The Caton Oak is rooted in the River Lune and the trunk protrudes above a set of old sandstone steps known as the "Fish Stones". In medieval times monks from Cockersand Abbey used the steps to display for sale salmon that had been caught in the river. The tree can be seen to be in good health in a photograph of 1905. By the 1940s the tree was the site for a portable blacksmith's forge where a smith from nearby Hornby regularly set up to shoe horses for Caton's agricultural community.

The tree became a local landmark and a symbol of the village, featuring in the logos of the village school and its sports club. A sign affixed to railings around the tree states that it has been listed as a historic site by the Department of National Heritage. A Caton-with-Littledale parish councillor said in 1996 that "the tree is the most important landmark in Caton and we should try to preserve it as long as there is any life in it at all". The village of Caton lies within the Forest of Bowland area of outstanding natural beauty.

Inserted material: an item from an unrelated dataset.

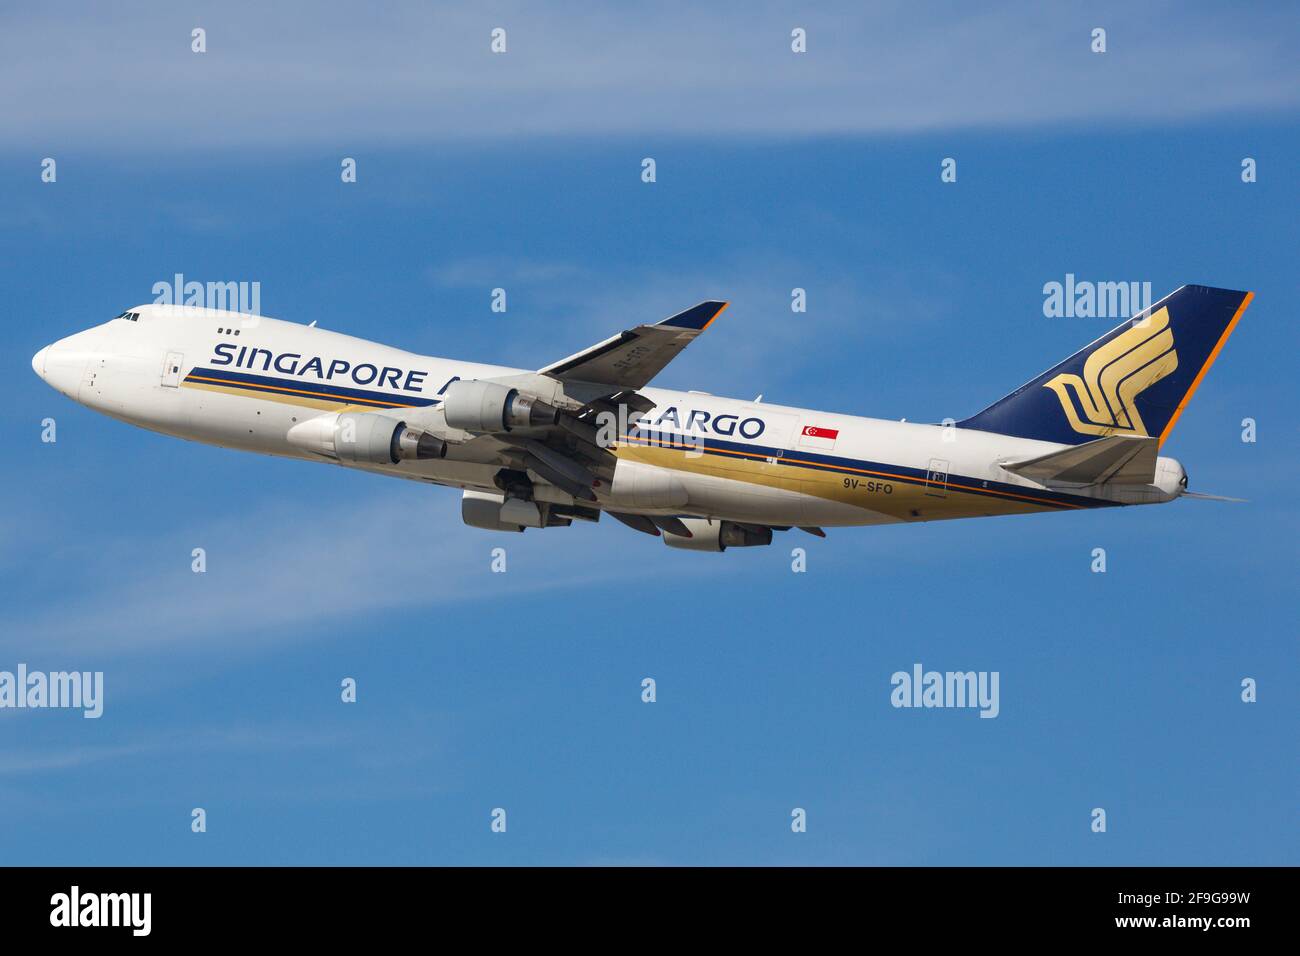 Los Angeles, USA - 22. February 2016: Singapore Airlines Cargo Boeing 747-400 at Los Angeles airport (LAX) in the USA. Boeing is an aircraft manufactu Stock Photo

== Death and replacement ==
The tree declined during the later 20th century and was said to have become dangerous by 1996. Specialists were consulted who recommended that the tree be felled but it was saved by the villagers and the parish council who erected metal props to the branch in question. The improvements were carried out in 1998 under the Parish and Community Environment Scheme funded by Lancashire County Council, Caton-with-Littledale Parish Council, Rural Action and public contributions.

By 2007 the trunk, which measured 4 m in circumference, was hollow through decay. On 27 April 2007 an acorn from the tree was planted within the hollow by the High Sheriff of Lancashire (Ruthe Winterbottom) so that a replacement tree could grow. The new tree would have killed the old tree as it grows within it. The original Caton oak fell on 20 June 2016.